Young Kenyan Entrepreneurs at the Forefront of Tech Innovation
Young Kenyans are harnessing their country’s growing tech prowess to go into business for themselves. For example, Jamila Abbas and Susan Oguya, created a mobile application called M-Farm. The application allows Kenyan farmers to access real time market information, buy farm inputs from manufacturers and find buyers for their produce, all through SMS. Lorna Rutto started EcoPost, a company that turns plastic waste into durable fencing posts, an environmentally friendly alternative to timber. At Strathmore Univeristy, Kenya’s leading institution for business and accounting, many students are interested in pursuing traditional career tracks like joining the ranks of major financial firms, but quite a few are just as eager to start their own enterprises like Jamila, Susan and Lorna. On a recent afternoon on campus, I sat down with Asha Mweru to discuss Chochote, an e-commerce platform that she launched with her classmates Ivy Wairimu and Victor Karanja. Chochote, which is the Swahili word for “anything,” started as a simple classroom assignment.
The team of 4th year Strathmore students sought to connect buyers and sellers on a platform based on excellent customer service, discounted prices and home delivery. Currently, it targets consumers between the ages of 18 and 48. Chochote’s tagline is “not just anything.” It’s transitioning from offering a wide range of products like electronics, cosmetics and clothing to a narrower, more particular supply of unique crafts, jewelry and fashion items, similar to Etsy. Ivy explained that, “Kenyans are very specific [about] what they are buying. So, we [investigated and] found out what the specifics are,” then decided to re-brand.
The project has received support from the IDEA Foundation and ilab Africa’s business incubation center at Strathmore. Currently, they get between 600 and 900 hits a day and hope to reach the likes of popular Kenyan e-commerce sites like Uzanunua and Online Shopping. Their foreseeable goals include increasing their suppliers, expanding to reach consumers across the region and establishing a Chochote mobile application. After all, Kenyans are just beginning to warm up to the idea of online shopping. “Since everything is going virtual, why should Kenya only shop at Amazon? Why shouldn’t we have our own thing here? Kenyans between the age of 18 and 48 have accepted that the internet is here, it’s here and sure to be used. They’re accepting it, so let’s grow with them,” said Asha.

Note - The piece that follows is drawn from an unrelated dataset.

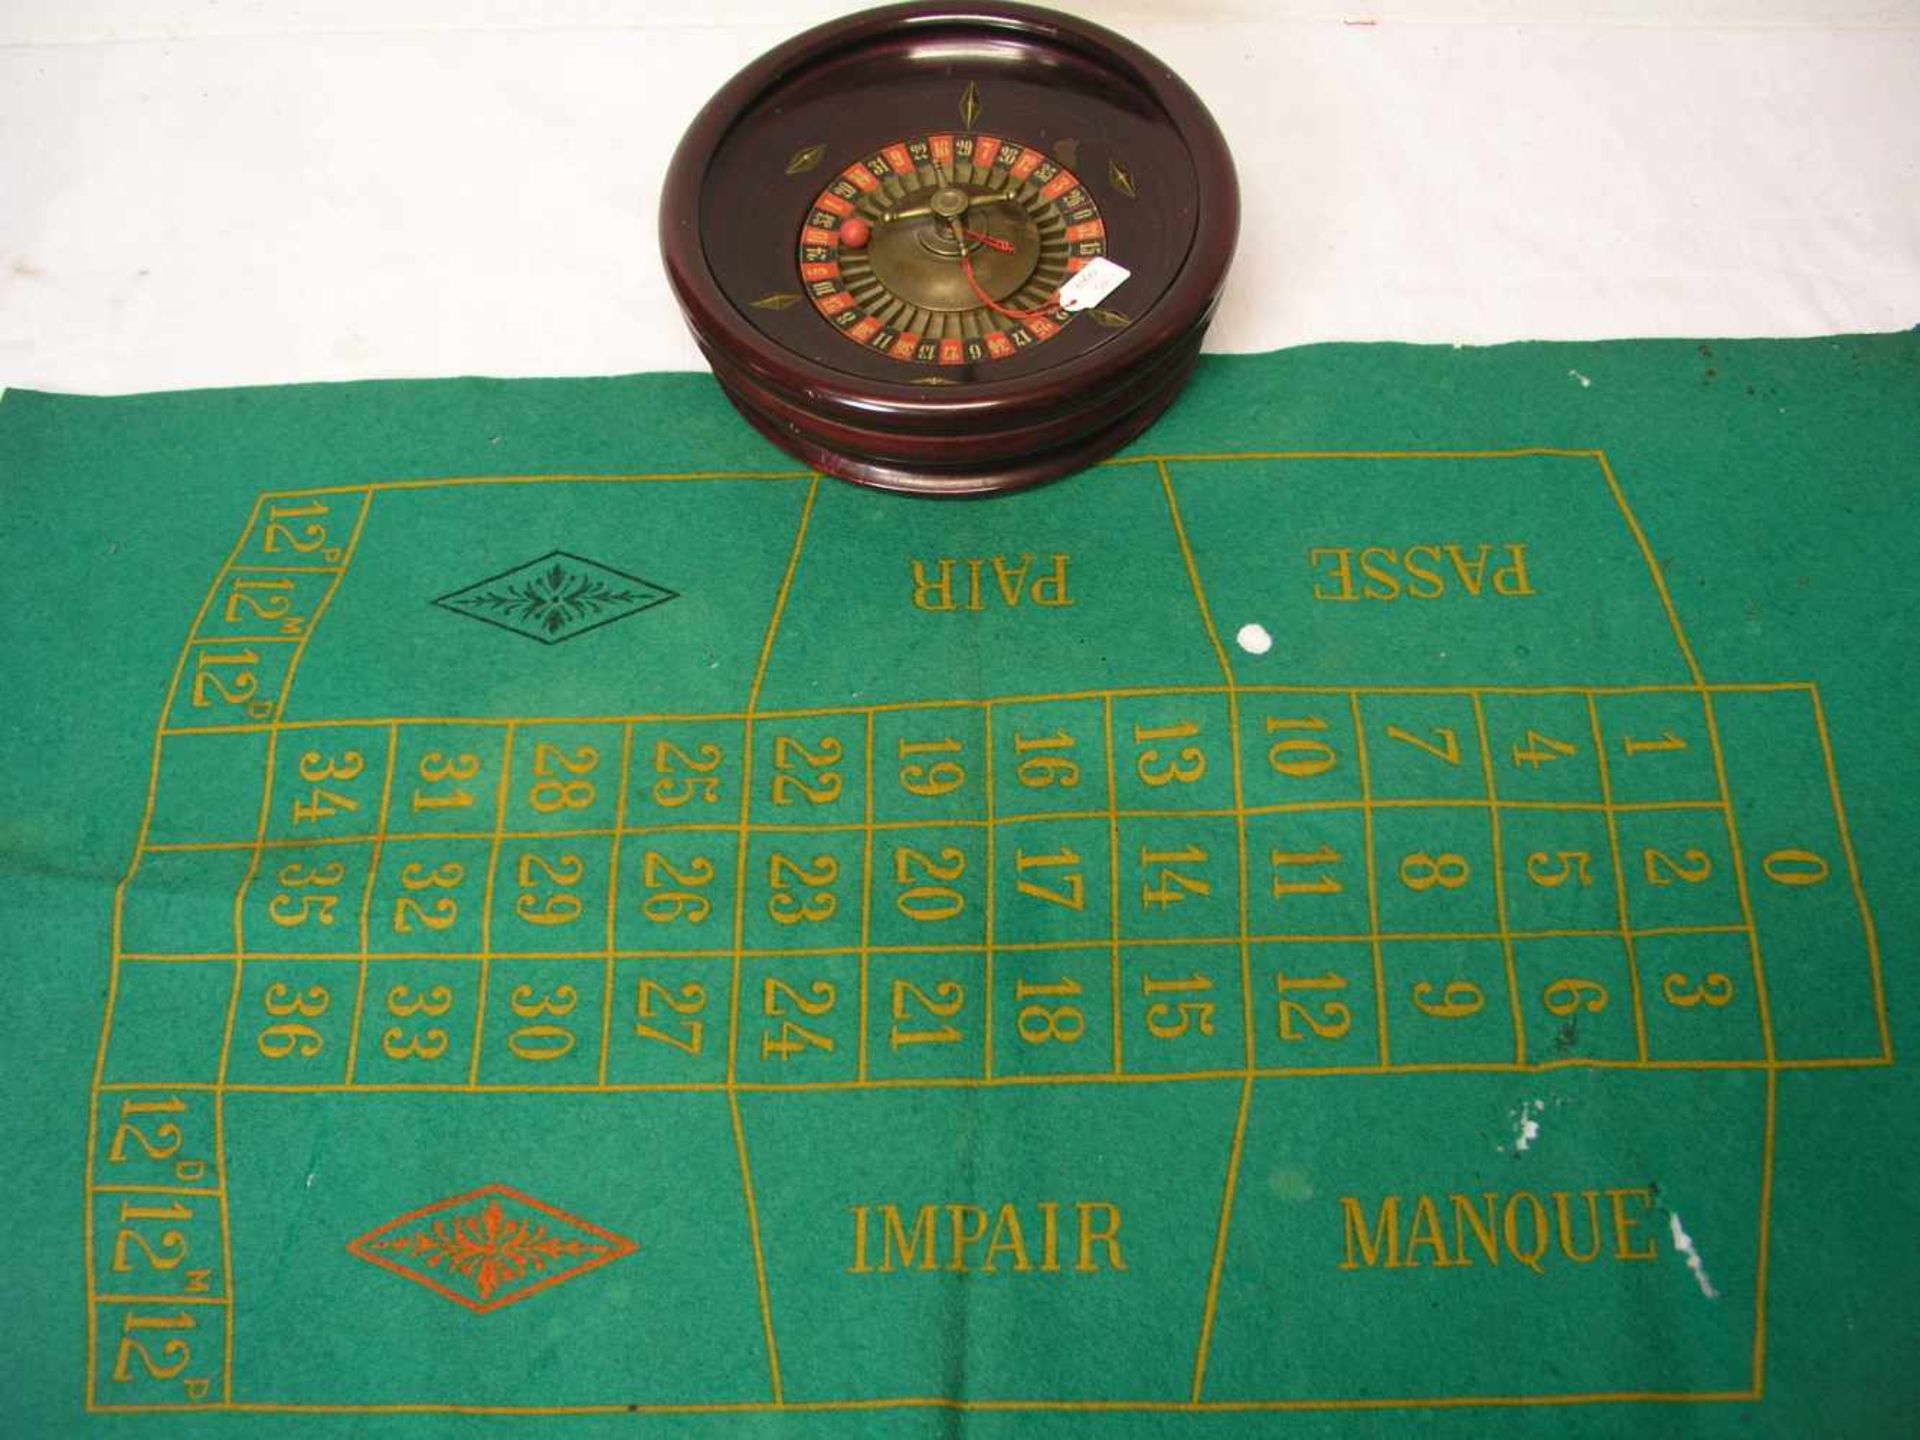 Tisch-Roulette. Filzteppich (beschädigt), Schale aus Holz, Durchmesser 22cm. Mit zwei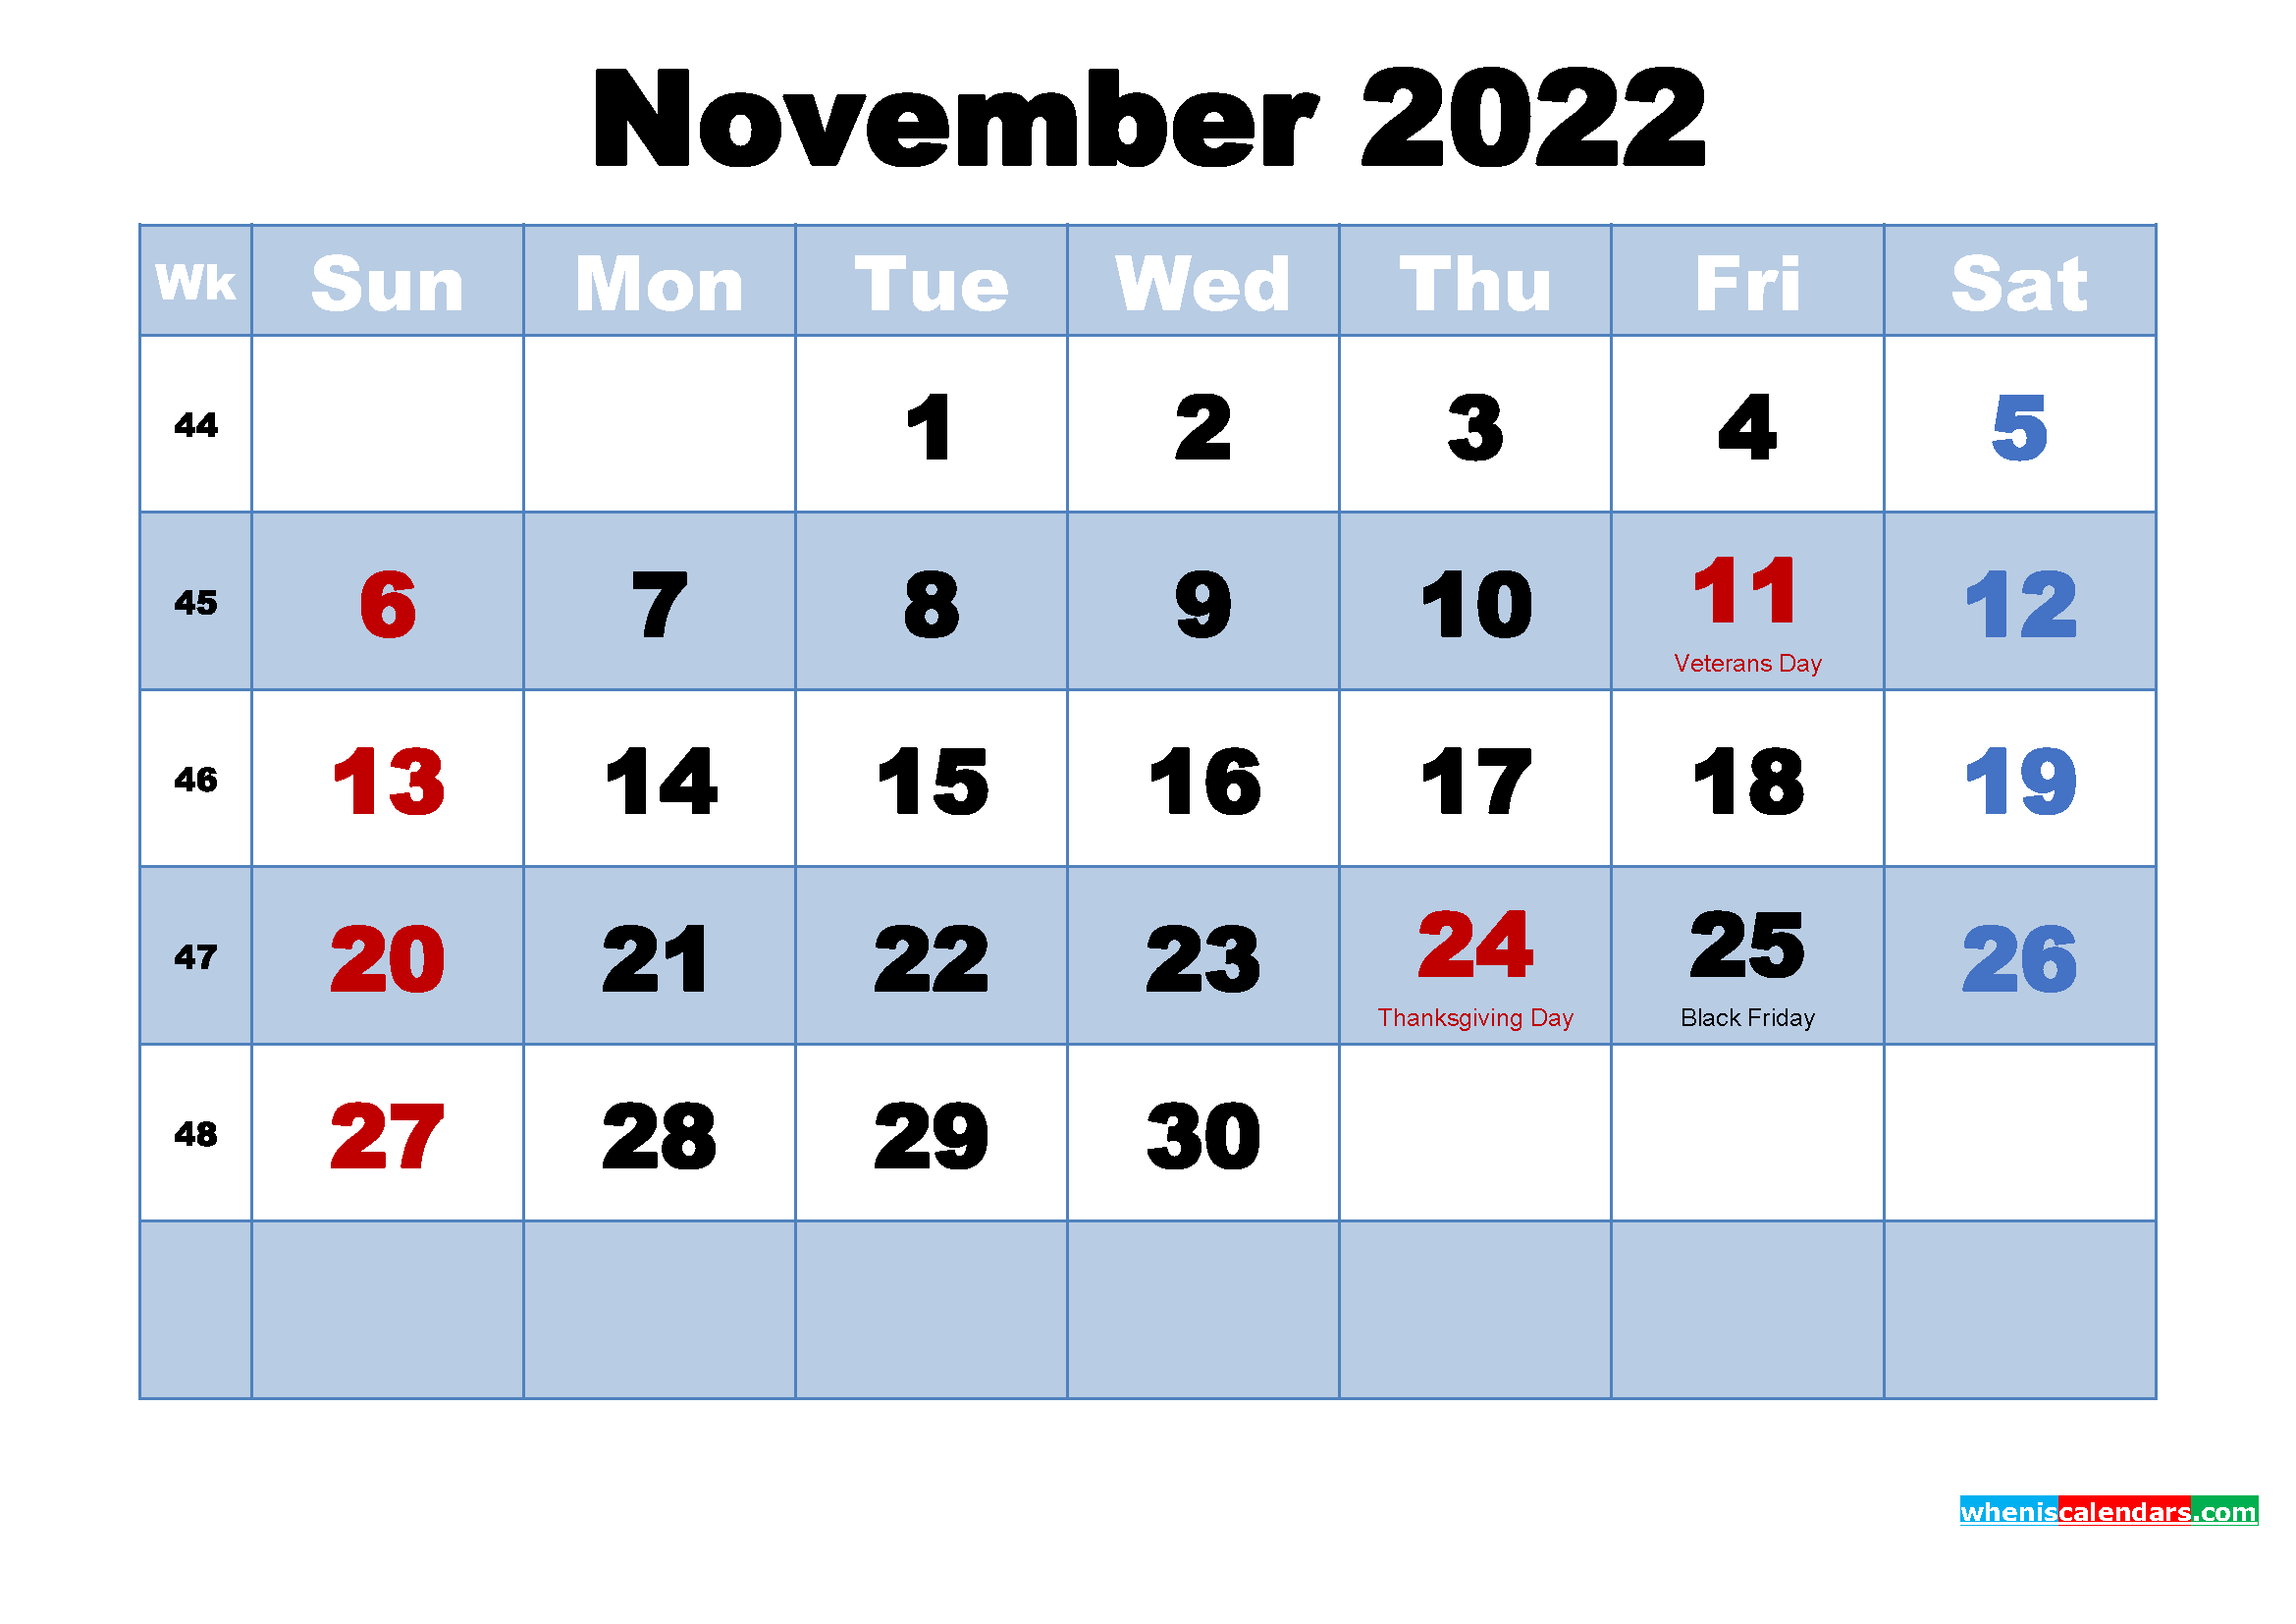 November 2022 Calendar Wallpapers High Resolution

Nonetheless, online shopping is a very new concept here. “Kenyans are still quite skeptical towards e-commerce and this is a challenge we’ve had to take head-on,” said Asha. Other challenges faced by the team include accessing seed capital, establishing relationships with reliable suppliers and remaining abreast of clients’ changing preferences. On a macro level, the team points to the current state of Kenyan primary and secondary education as a hurdle to overcome too. In conversations with Kenyans, I’ve personally heard that there’s more of an emphasis on memorization than critical thinking. According to Victor, “Someone once said that our education system is meant to produce employees not employers. Notable, however, is the number of Kenyan entrepreneurs that circumvent these challenges therefore making it easier for the rest of us.”
Despite these challenges, the Chochote team would not have it any other way. “Honestly, I’ve never liked the idea of being micro-managed, and solving a problem and actually seeing the solution being implemented gives me a thrill,” said Victor. The team explained that the most exciting part of entrepreneurship is the ability to create employment opportunities rather than compete for limited slots that are already there. Ivy’s dream is not only to see Chochote become profitable, but to ensure that it expands enough to generates jobs. “Through our work with Chochote, [we'd like to] build a successful e-commerce model that can be replicated within Kenya and Africa at large.”
Perhaps, the team’s experience will have them avoiding 9-5′s forever. They’re part of a new generation of Africans who are inspired by the likes of Muhamed Yunus, public intellectual Dambisa Moyo and the founder and CEO of Open Quest Media, June Arunga, among others. Both women were chosen by Forbes Magazine to be among the 20 Youngest and Most Powerful Women in Africa. In addition to the rise of visible role models that they can relate to on the global stage, their immediate environment is more conducive to innovation than ever. In Kenya, sky’s the limit.